I learned recently that many of the epistles have a main theological point. For example, the main point of Ephesians is that the Church is the body of Christ, and that it may bring unity to the world and reconciliation with God. The main point of Colossians is the supremacy of Christ, as he existed before creation. These points can be verified by reading the epistles, or, more briefly, by reading the linked articles on Wikipedia.

This leads me to wonder, what is the main theological point of Philippians? In other words, what is the main theme, from a theological perspective, if there is one?

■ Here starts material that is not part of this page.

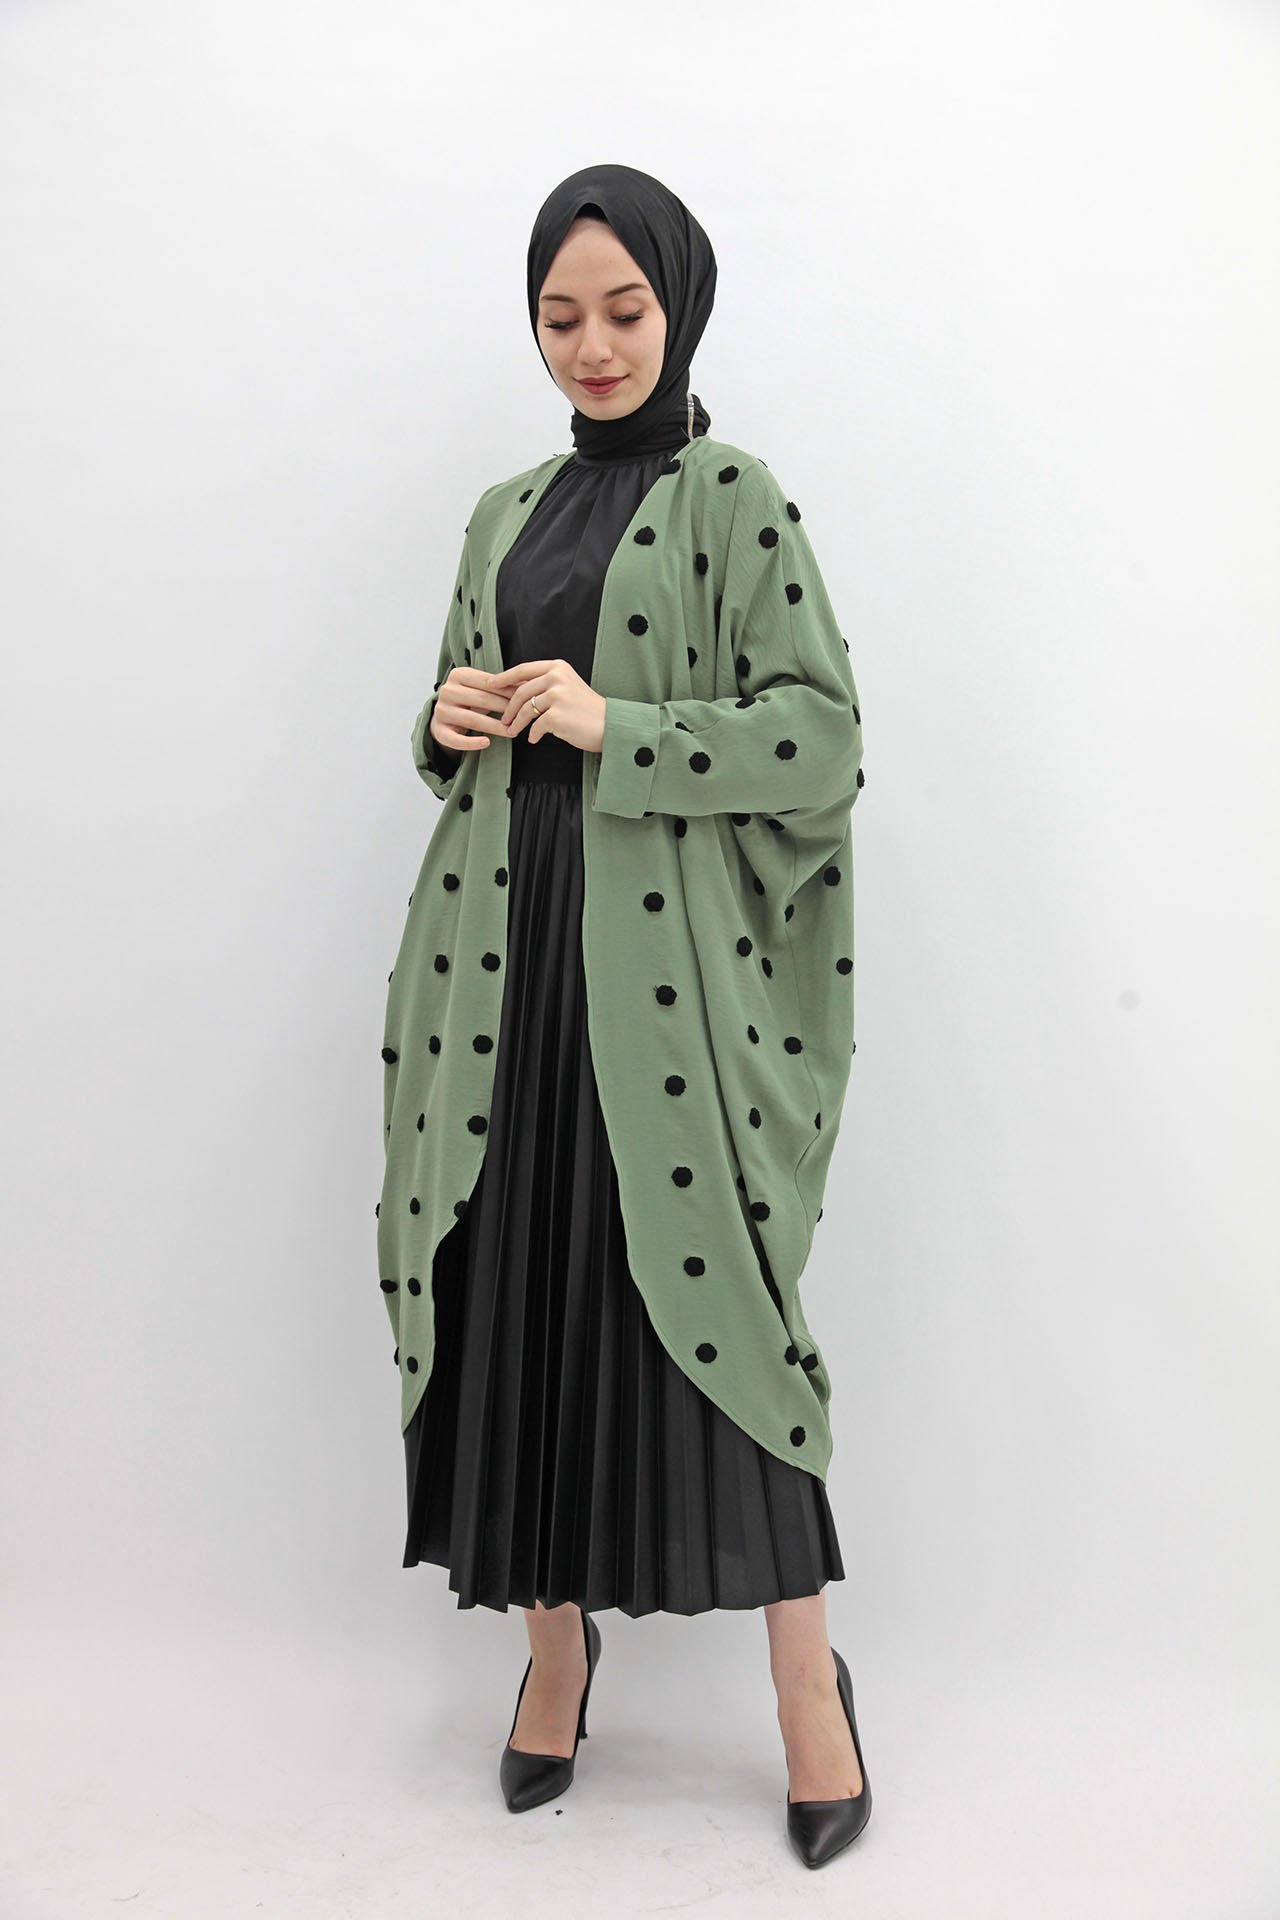 GİZAGİYİM - Puantiyeli Kimono Yeşil

  • Why are you looking for a theological point in a letter that was meant to be pastoral in nature?
    – David P
    Jan 18 '18 at 22:33
  • @DavidP Well, precisely for the stated reason: that the epistles before and after (Ephesians, Colossians) have theological points. But if Philippians is different in nature from these two other epistles, then that would make for a good answer.
    – ktm5124
    Jan 18 '18 at 22:34
  • 1
    Although Philippians and other Epistles are pastoral, they touch on themes that are relevant for all Christians. This is the reason why the Church Fathers chose to include them in the New Testament canon.
    – guest37
    Jan 21 '18 at 16:51

The Epistle to the Philippians emphasizes the importance of community and unity in the Church. He congratulates the Philippians for their care towards others (ch 1) and warns against the heresy, particularly the heresy of the Judaizers (3:1-11).

The introduction to the book in the Orthodox Study Bible summarizes:

Salvation is a dynamic ongoing experience that is not merely personal, but shared among believers. St. Paul urges the believers in Philippi toward continued unity, humility, selfless generosity, and joy in Christ.